Un journaliste et essayiste politique britannique soutient que la guerre génocidaire menée à Gaza ne doit pas être perçue comme un événement soudain déclenché uniquement par les faits d’octobre 2023, mais comme la dernière étape d’une longue histoire de dépossession, de domination militaire et de déplacements forcés des Palestiniens.
Dans une analyse détaillée, l’auteur établit des liens entre la situation actuelle à Gaza et des témoignages de soldats israéliens ayant participé à la guerre de 1967. Certains de ces récits, publiés des années plus tard, évoquent des ordres visant à semer la peur au sein des communautés palestiniennes et à cibler des civils lors des opérations militaires. Selon l’auteur, ces témoignages révèlent des schémas récurrents qui continuent d’influencer la politique militaire israélienne aujourd’hui, notamment à Gaza, où les destructions massives, les restrictions des biens essentiels et les déplacements répétés ont ravagé la vie civile.
L’article examine également la manière dont les conséquences de la guerre de 1967 ont transformé le paysage politique dans les territoires palestiniens occupés. Selon l’analyse, les dirigeants israéliens de l’époque considéraient Gaza non seulement comme un défi militaire, mais aussi comme une question démographique. Des archives et déclarations politiques citées dans le texte suggèrent que des mesures restrictives, notamment sur l’accès à l’eau et la liberté de circulation, étaient envisagées comme des outils visant à pousser les Palestiniens à quitter leur terre. L’auteur estime que des pratiques similaires peuvent être observées aujourd’hui dans le cadre de la guerre génocidaire en cours, alors que la population de Gaza fait face à des conditions humanitaires de plus en plus catastrophiques et à une pression croissante pour abandonner certaines zones du territoire.
L’analyse affirme également que les événements d’octobre 2023 ont offert au gouvernement de Benjamin Netanyahu l’opportunité d’intensifier des objectifs de longue date liés à l’expansion territoriale et au contrôle démographique. Tout en reconnaissant que les autorités israéliennes présentent leurs opérations militaires comme des mesures de sécurité, l’auteur soutient que l’ampleur des destructions infligées aux infrastructures civiles de Gaza reflète des ambitions politiques plus larges dépassant les objectifs militaires immédiats.

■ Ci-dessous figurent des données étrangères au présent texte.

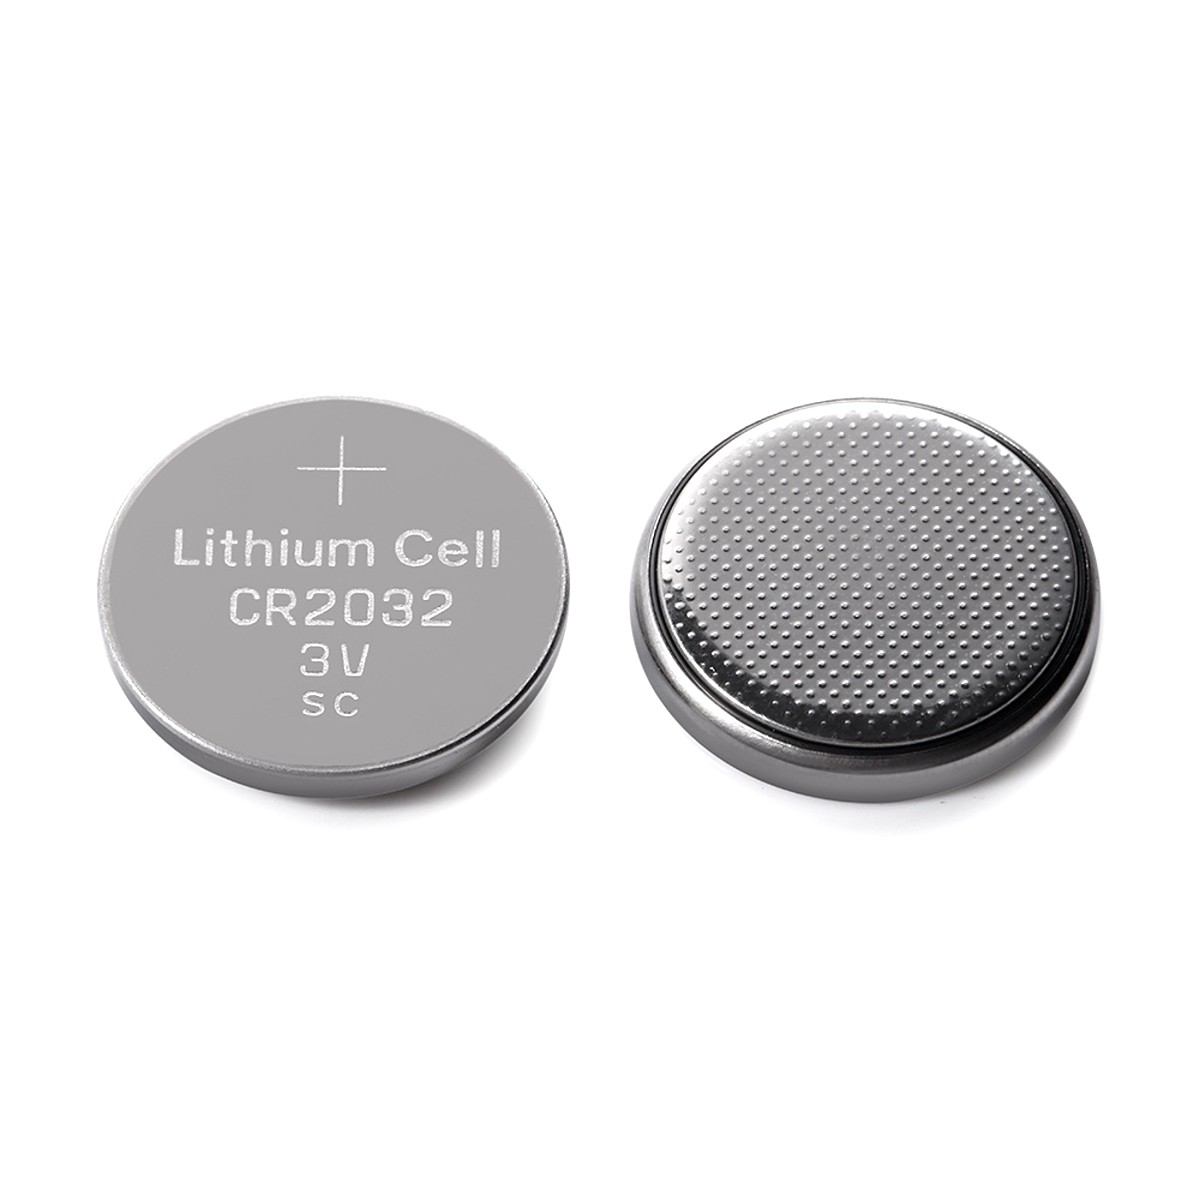 Eunicell-Pile bouton au lithium pour montre, pile bouton, 3V

Une attention particulière est accordée à la question des déplacements forcés. L’auteur rappelle que des centaines de milliers de Palestiniens ont été déplacés pendant et après la guerre de 1967, beaucoup s’étant vu interdire le retour par des moyens militaires et administratifs. Il estime que les craintes actuelles à Gaza font écho à ces expériences, notamment alors que des quartiers entiers ont été détruits et qu’une grande partie de la population a été contrainte de fuir à plusieurs reprises.
Le journaliste critique enfin les récits médiatiques et politiques occidentaux, qu’il juge centrés presque exclusivement sur les attaques d’octobre 2023, au détriment des décennies d’occupation, d’expansion des colonies et de violences subies par les Palestiniens. Selon lui, présenter la guerre génocidaire comme une réaction isolée efface les réalités historiques qui ont façonné la crise actuelle et masque les conséquences à long terme des politiques israéliennes sur la société palestinienne.
En conclusion, l’auteur estime que toute compréhension sérieuse de la situation à Gaza doit intégrer l’héritage historique des guerres de 1948 et 1967, ainsi que l’impact continu de l’occupation et des déplacements sur la vie palestinienne. Ignorer ce contexte plus large conduit, selon lui, à une représentation incomplète de la guerre en cours et de la catastrophe humanitaire qui frappe la bande de Gaza.